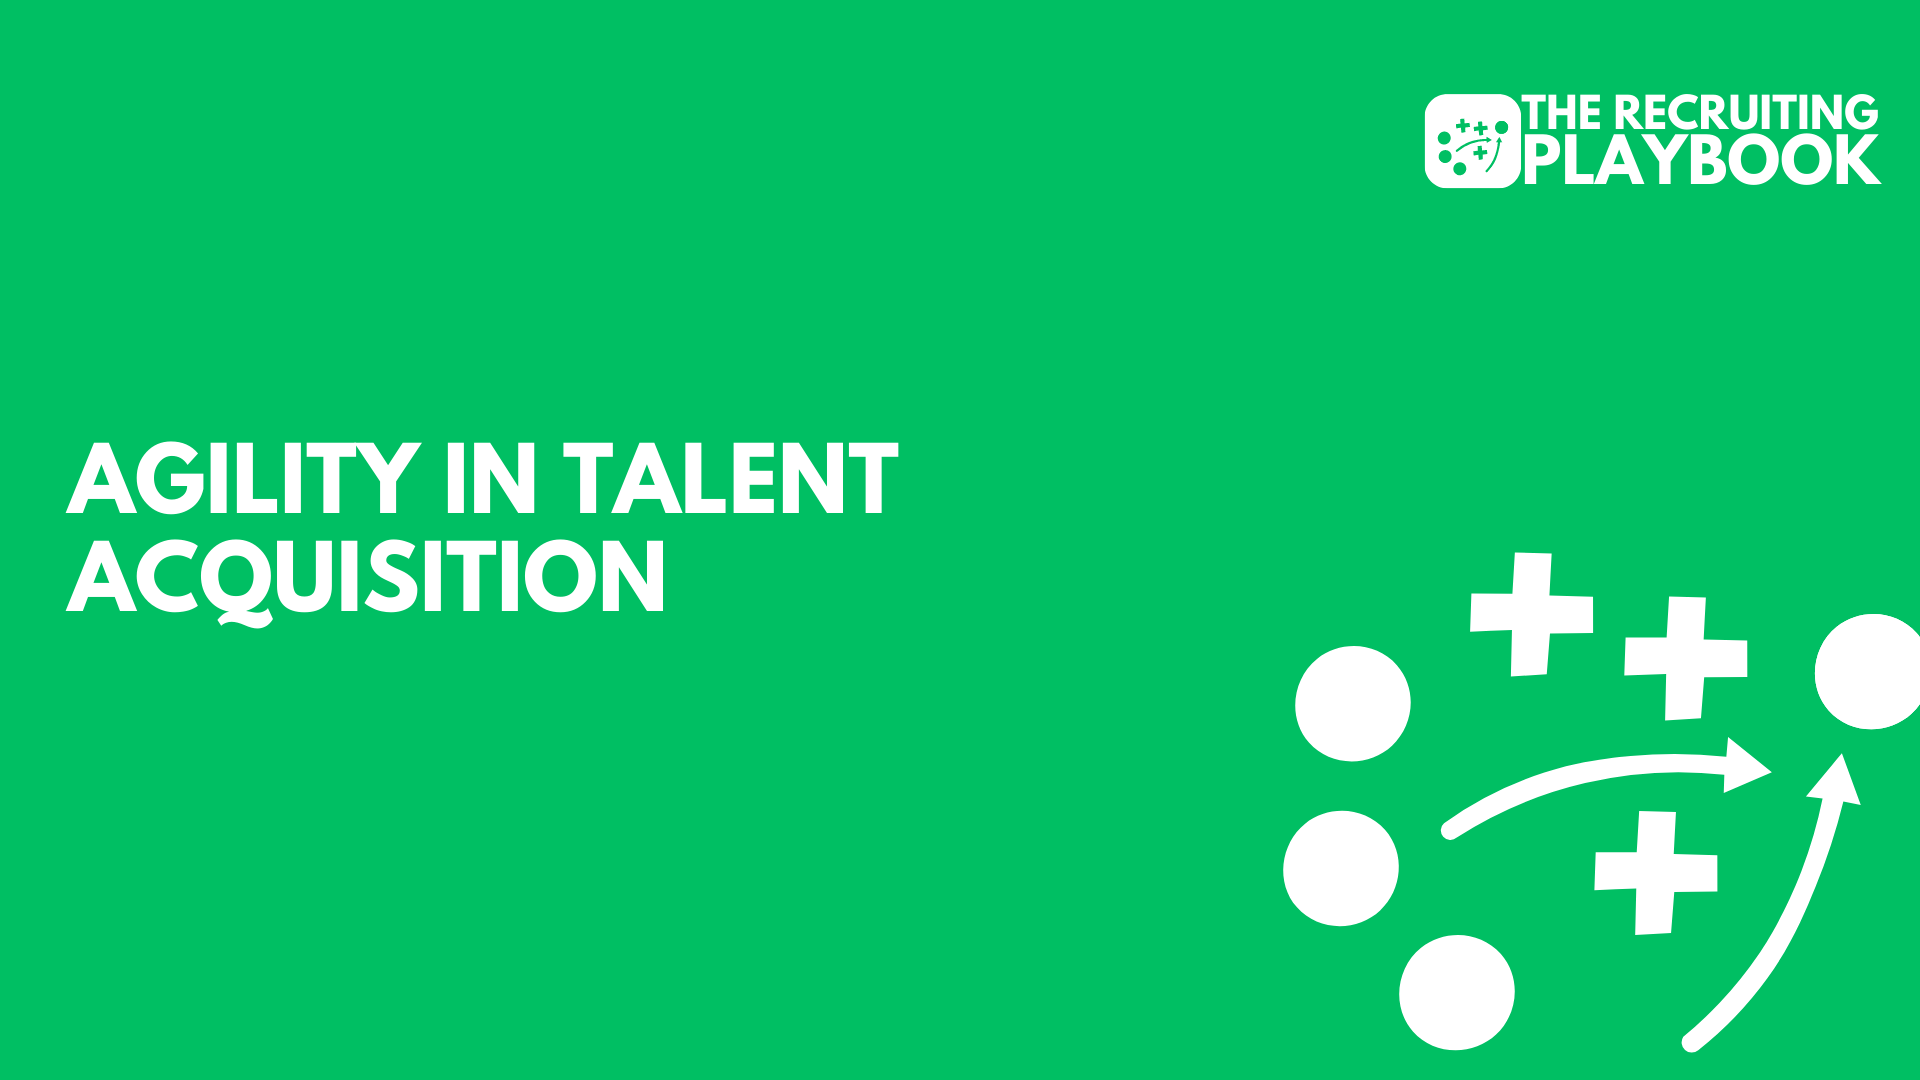 Agility in Talent Acquisition
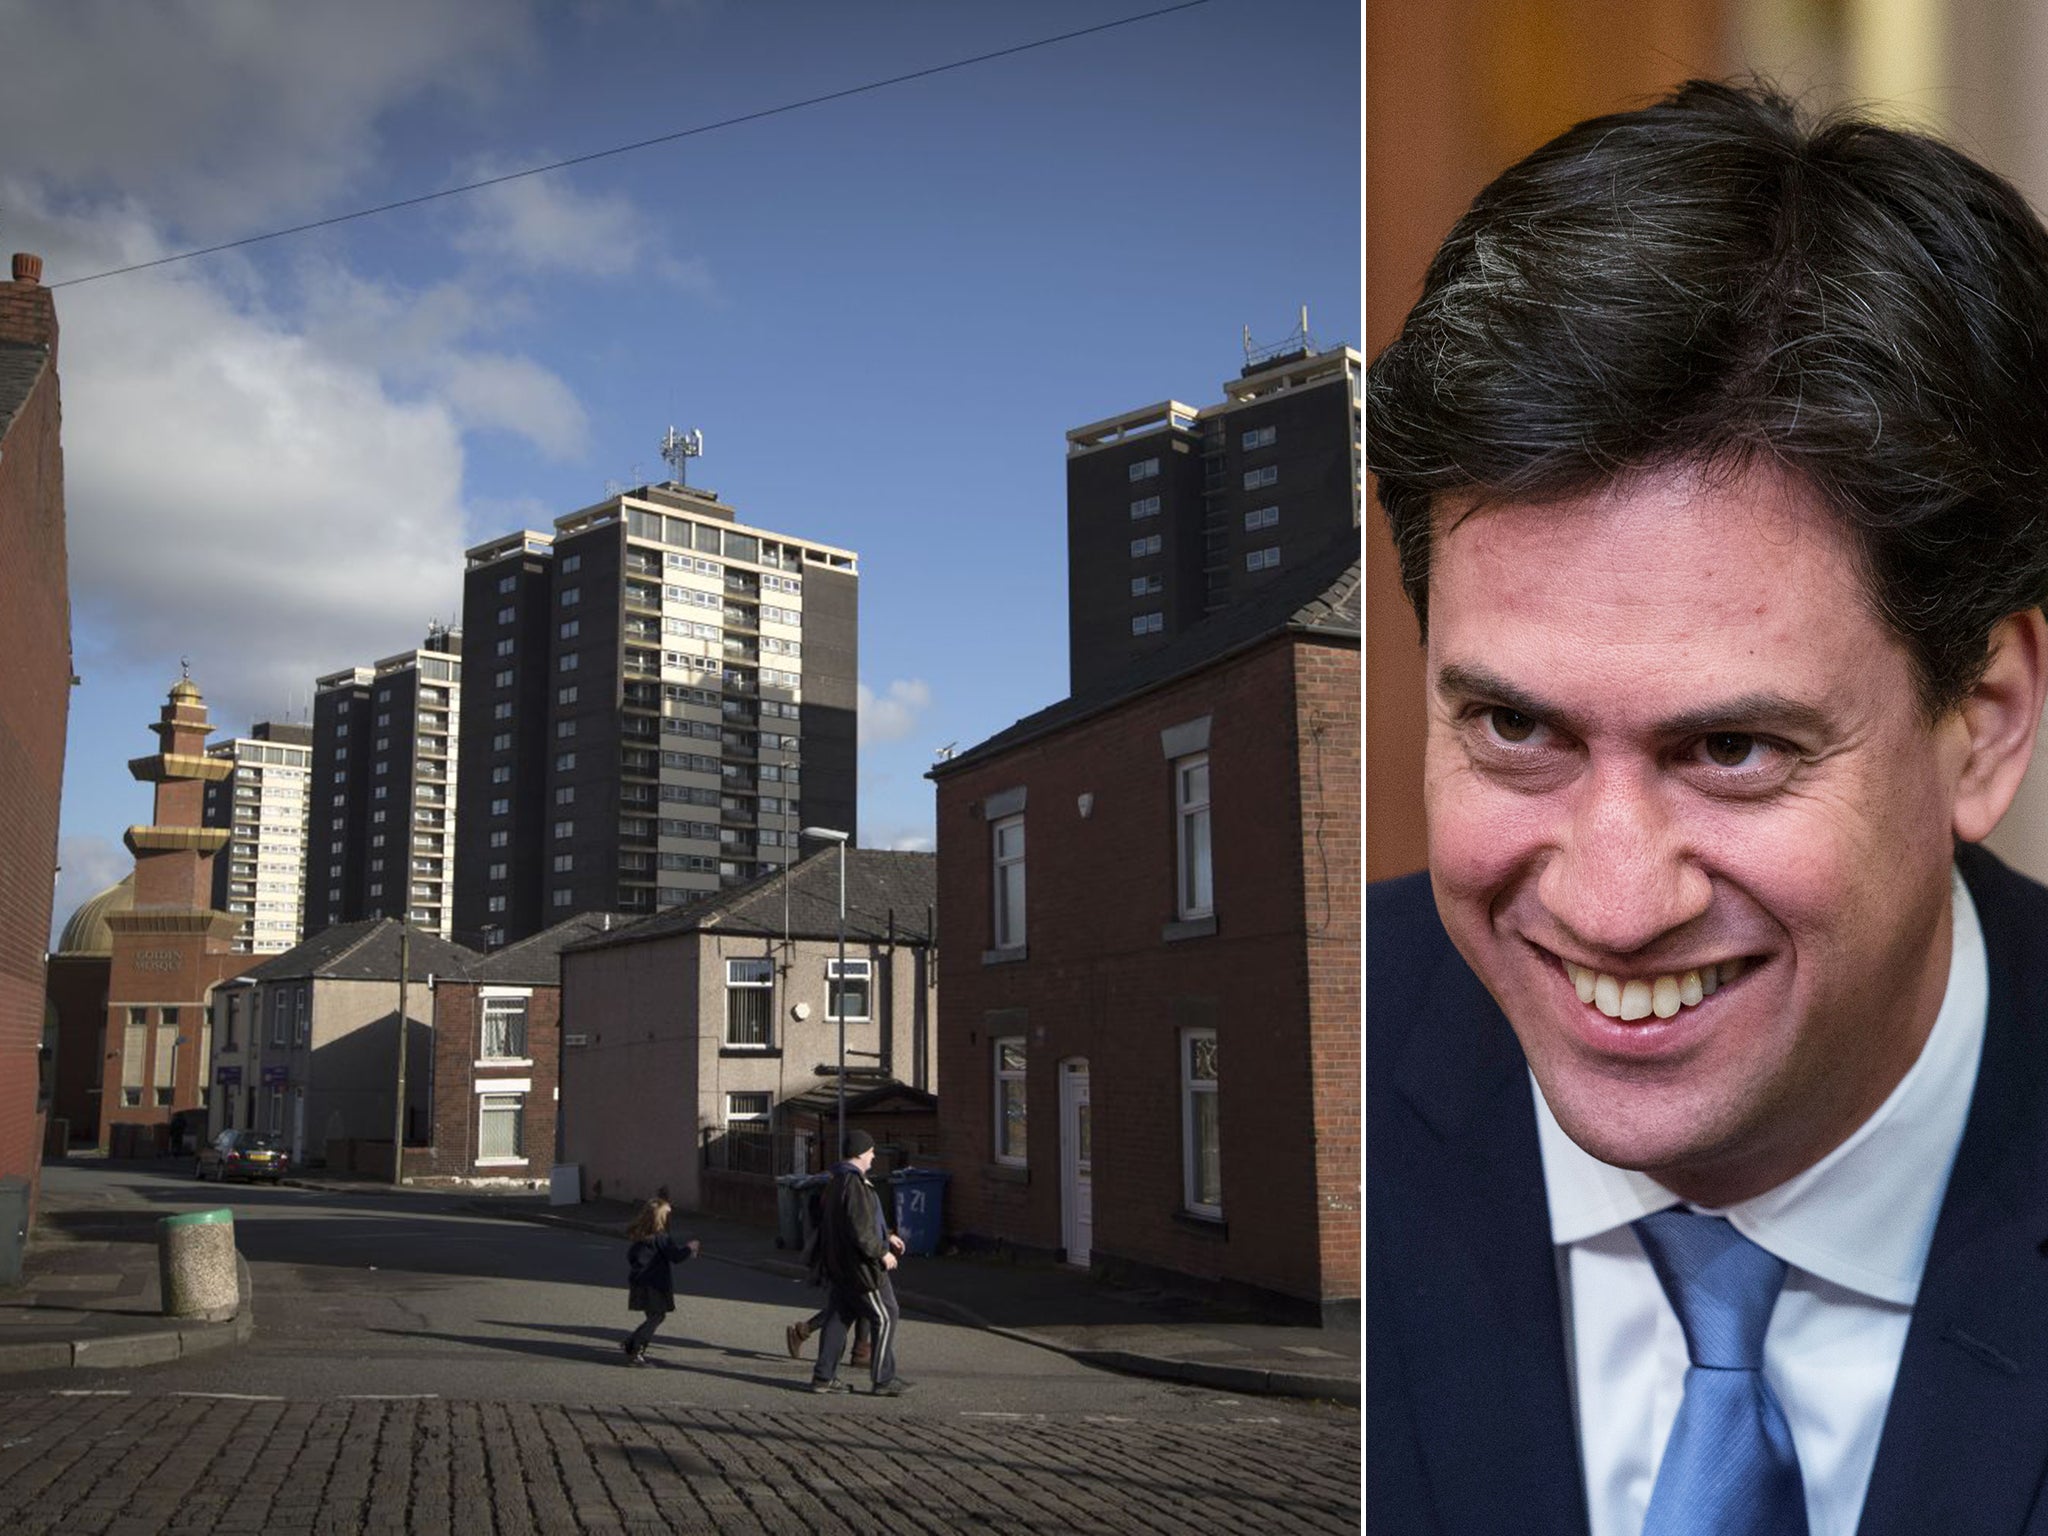 One Rochdale resident said: “Ed Miliband is
not as posh as David Cameron, but he’s very out of touch. There are a lot of poor people in Rochdale, through no fault of their own.”
====
# PROMPT:
Retype the listing above exactly. Pictures are not part of the copy.

# WRITTEN RESPONSE:
 Agility in Talent Acquisition
 One Rochdale resident said: “Ed Miliband is
not as posh as David Cameron, but he’s very out of touch. There are a lot of poor people in Rochdale, through no fault of their own.”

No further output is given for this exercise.